The `wealth` dataset is a legislator-year panel ideal for practicing
fixed-effects regression.

```{r wealth}
data(wealth)

# Distribution of net worth
hist(wealth$net_worth / 1e6, breaks = 50, col = "coral",
     main = "Legislator Net Worth Distribution",
     xlab = "Net Worth (billion KRW)")
```

### Real estate concentration

```{r re-share}
wealth$re_share <- ifelse(wealth$total_assets > 0,
                          wealth$real_estate / wealth$total_assets, NA)

boxplot(re_share ~ year, data = wealth,
        xlab = "Year", ylab = "Real estate / total assets",
        main = "Real Estate as Share of Legislator Wealth",
        col = "lightyellow")
```

Korean legislators hold a large share of their wealth in real estate,
reflecting broader patterns in Korean household wealth.

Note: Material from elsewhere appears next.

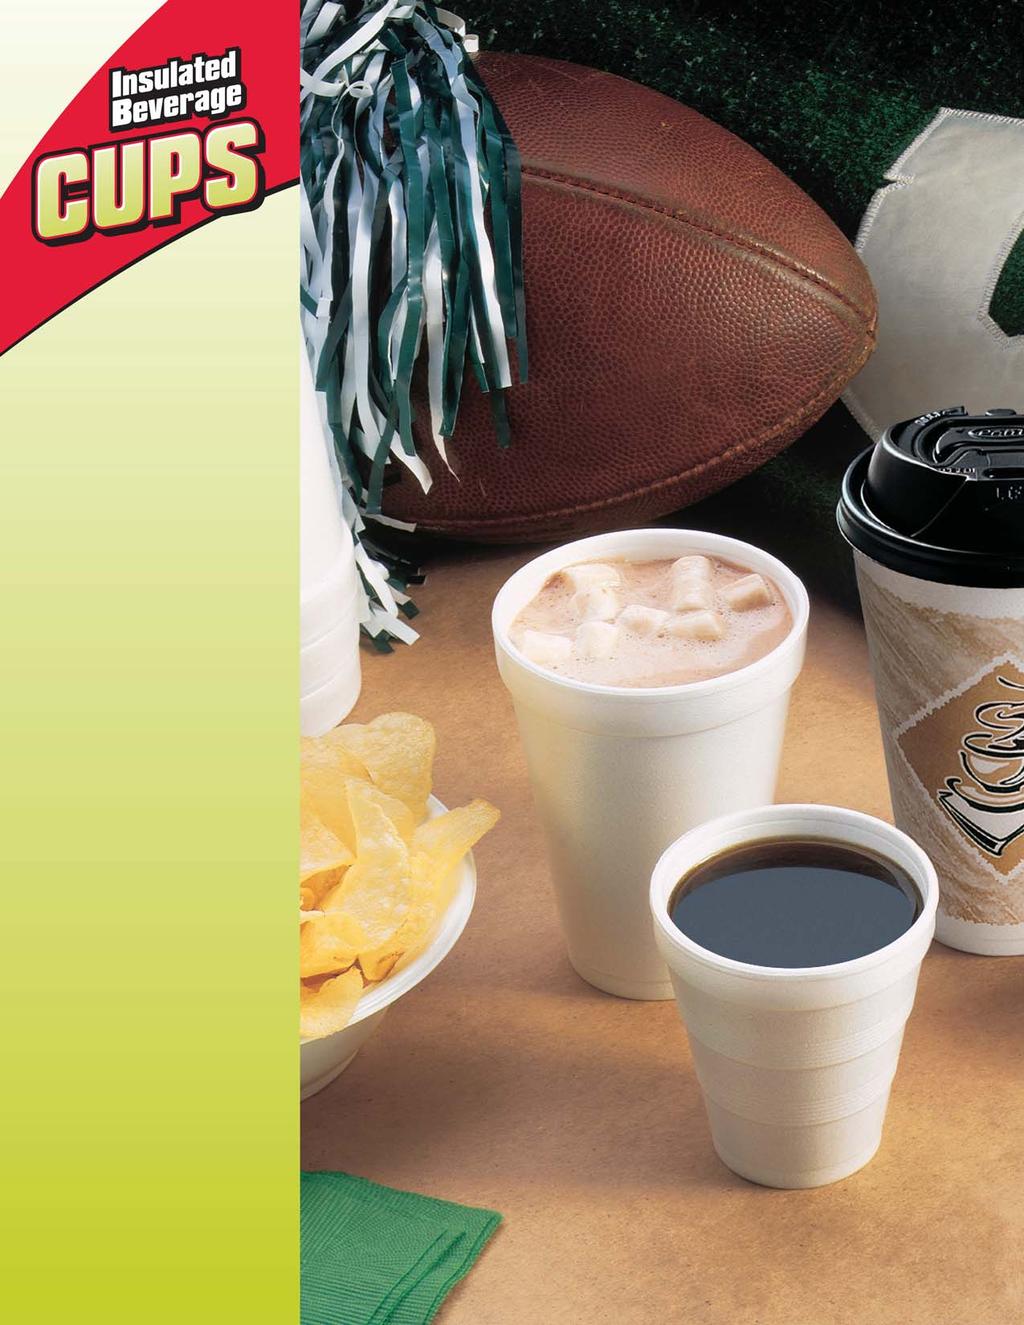 Dart Insulated Beverage Cups are available in 1.25 through 20 ounce sizes. Because of their insulation, they act as 2 Cups in One, ideal for use with both hot and cold beverages.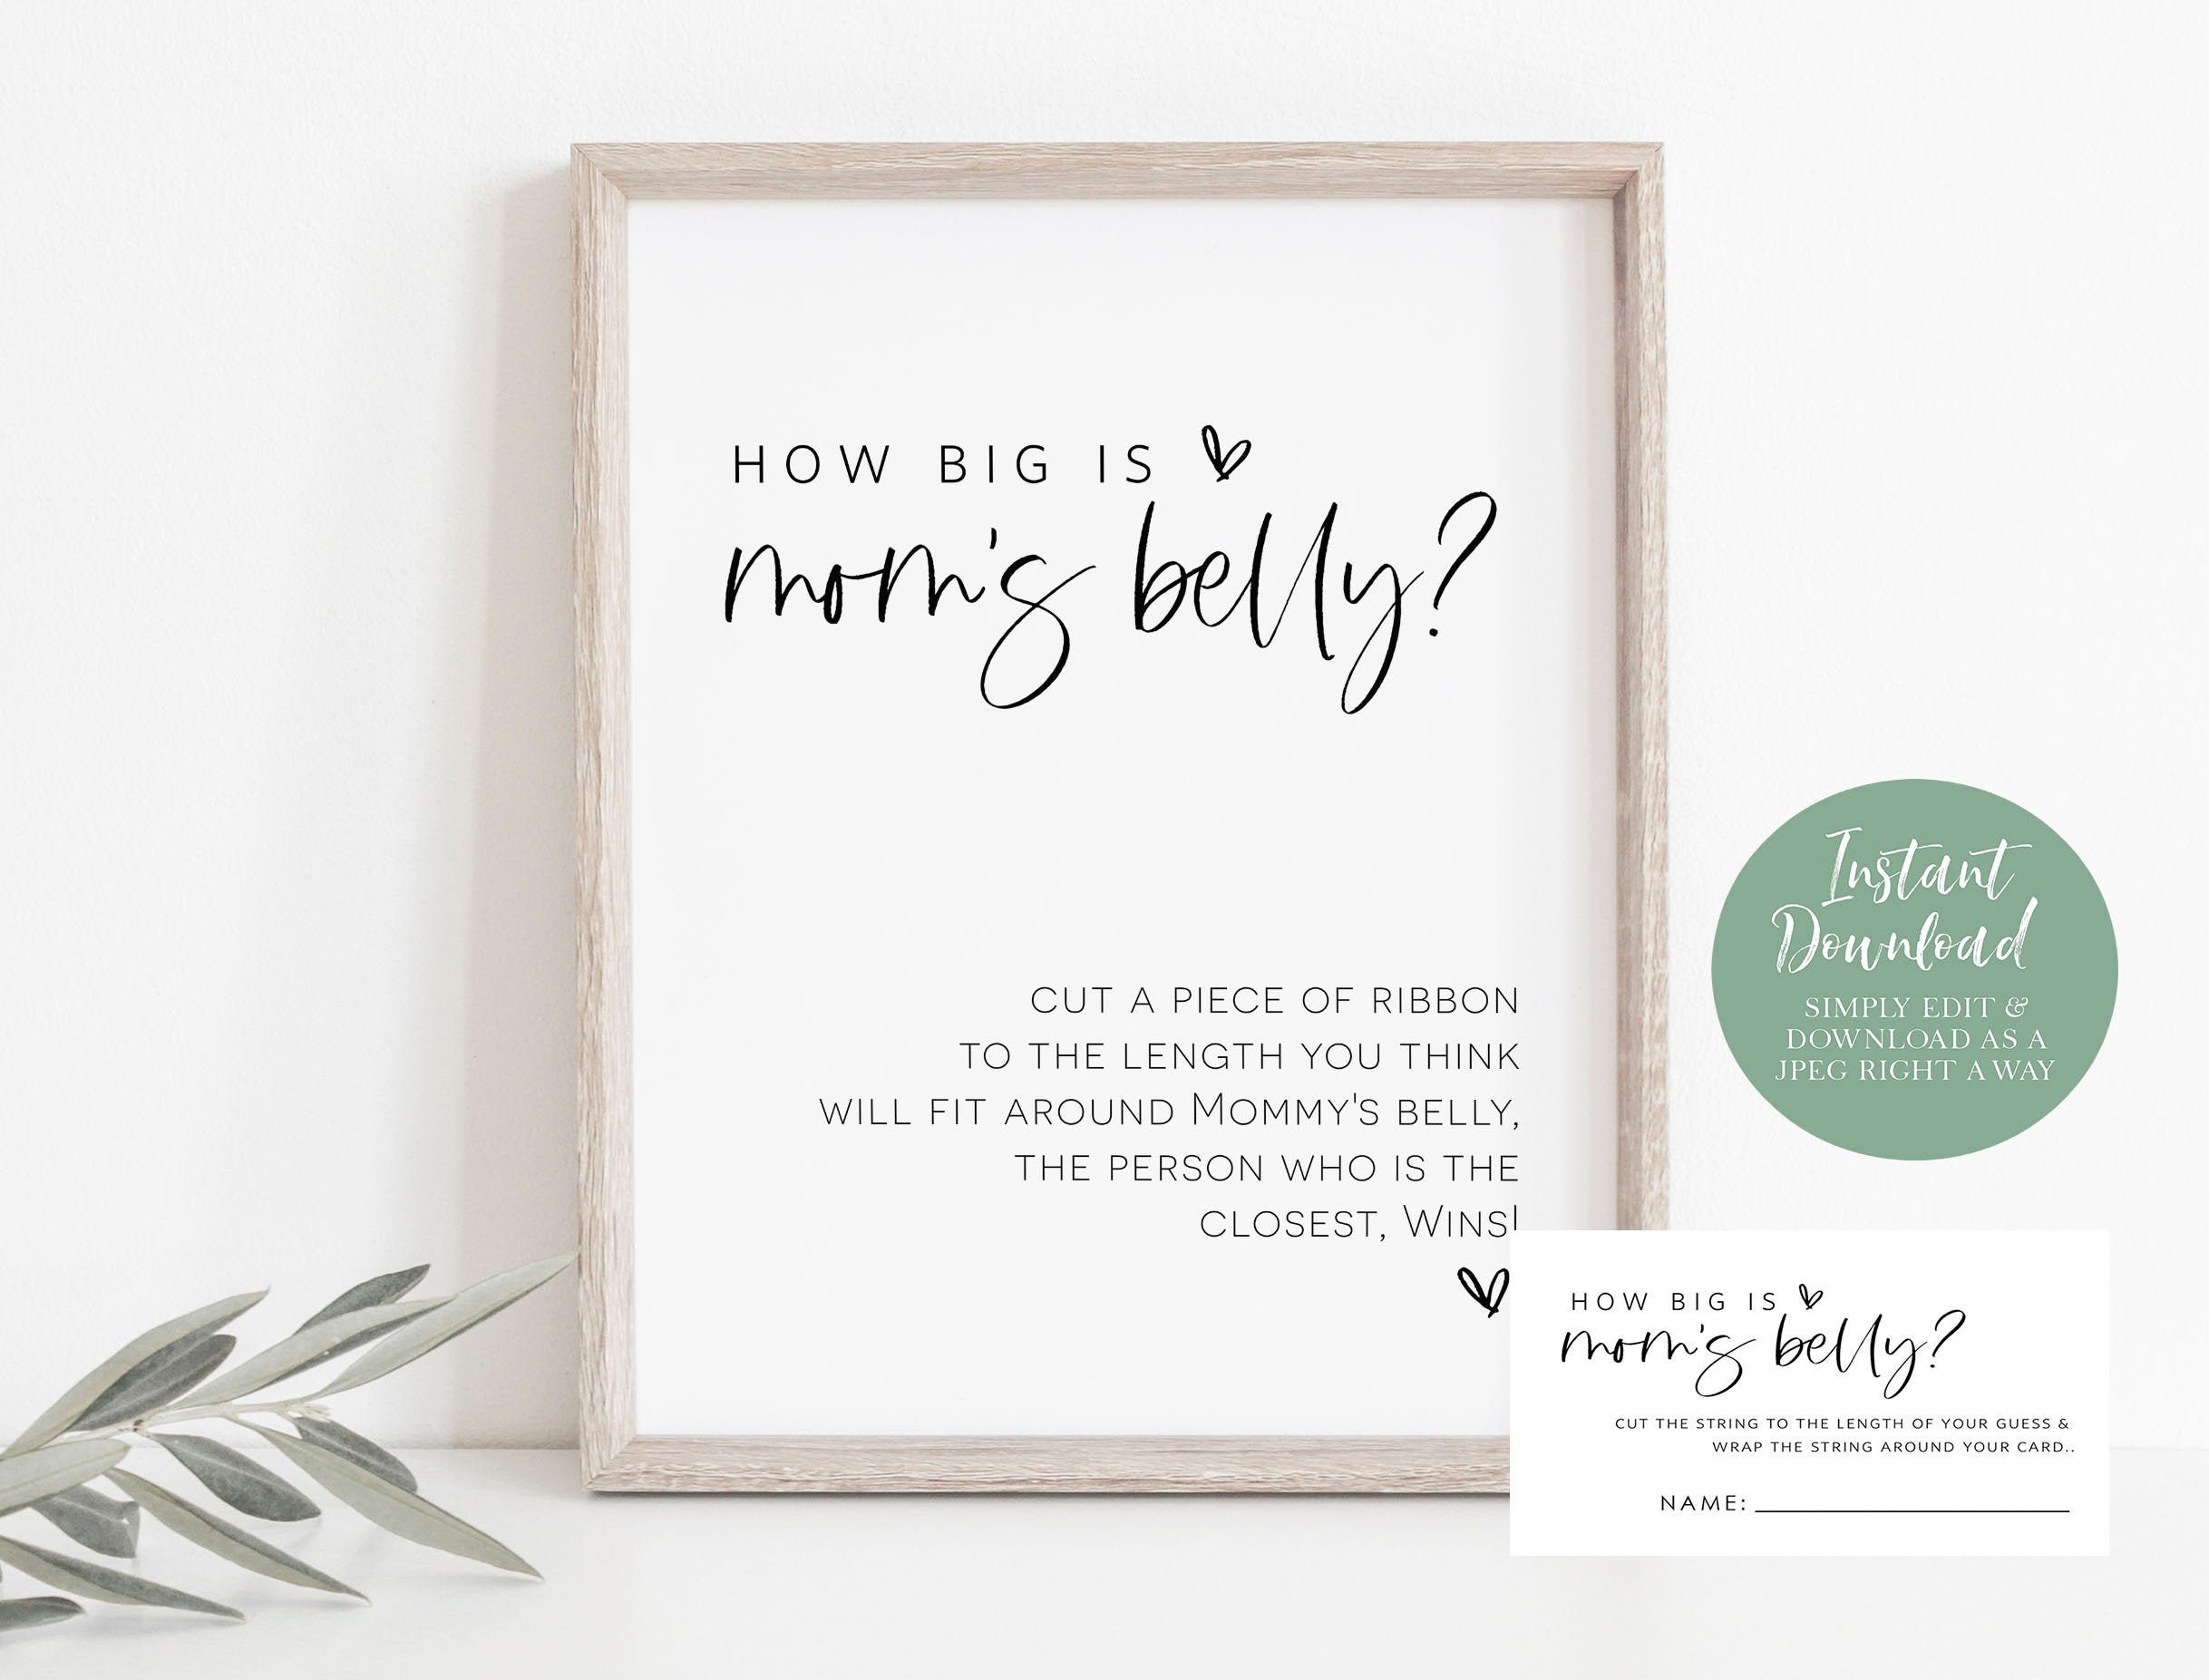 how-big-is-mommy-s-belly-50-count-measure-mom-s-belly-baby-shower

## 4. Policy seminars and cross-party cooperation

```{r seminars}
data(seminars)

# Governing vs opposition party
gov_means <- tapply(seminars$cross_party_ratio,
                    seminars$is_governing, mean, na.rm = TRUE)
barplot(gov_means, names.arg = c("Opposition", "Governing"),
        ylab = "Cross-party ratio", col = c("dodgerblue", "tomato"),
        main = "Cross-Party Seminar Collaboration")
```

Governing-party legislators tend to have lower cross-party collaboration
in policy seminars, a pattern consistent with the "closing ranks" hypothesis.

## 5. Joining datasets

All datasets share the `member_id` and/or `assembly` columns:

```{r join, message=FALSE}
library(dplyr)

# Merge legislators with wealth
leg_wealth <- legislators %>%
  inner_join(wealth, by = "member_id", relationship = "many-to-many")

# Productivity vs wealth
leg_wealth %>%
  group_by(district_type) %>%
  summarise(
    n = n(),
    median_net_worth = median(net_worth / 1e6, na.rm = TRUE),
    median_bills = median(n_bills_lead, na.rm = TRUE)
  )
```

## 6. Plenary votes

```{r votes}
data(votes)

# Yes-vote share distribution
votes$yes_rate <- votes$yes / votes$voted
hist(votes$yes_rate, breaks = 40, col = "lightgreen",
     main = "Distribution of Yes-Vote Share",
     xlab = "Proportion yes")
```

Most bills pass with near-unanimous support. The left tail reveals
contested legislation where party discipline breaks down.

## 7. Roll call analysis

```{r roll-calls, message = FALSE}
data(roll_calls)
library(dplyr)

# Party discipline: how often do members vote with their party majority?
party_votes <- roll_calls %>%
  group_by(bill_id, party) %>%
  mutate(party_majority = names(which.max(table(vote)))) %>%
  ungroup() %>%
  mutate(with_party = vote == party_majority)

party_votes %>%
  group_by(party) %>%
  summarise(
    n_members = n_distinct(member_id),
    discipline = mean(with_party, na.rm = TRUE)
  ) %>%
  filter(n_members >= 5) %>%
  arrange(desc(discipline))
```

## 8. Speech patterns

```{r speeches}
data(speeches)

# Who speaks most in committee?
leg_speeches <- speeches[speeches$role == "legislator", ]
speaker_counts <- sort(table(leg_speeches$speaker_name), decreasing = TRUE)
barplot(speaker_counts[1:10], las = 2, col = "plum",
        main = "Top 10 Most Active Speakers (Sci & ICT Committee)")
```

## Next steps

For text analysis, download the bill propose-reason texts:

```r
texts <- get_bill_texts()
```

For network analysis, download the full co-sponsorship records:

```r
proposers <- get_proposers()
```

See `vignette("codebook")` for the full data dictionary, or
`?get_bill_texts` and `?get_proposers` for download function details.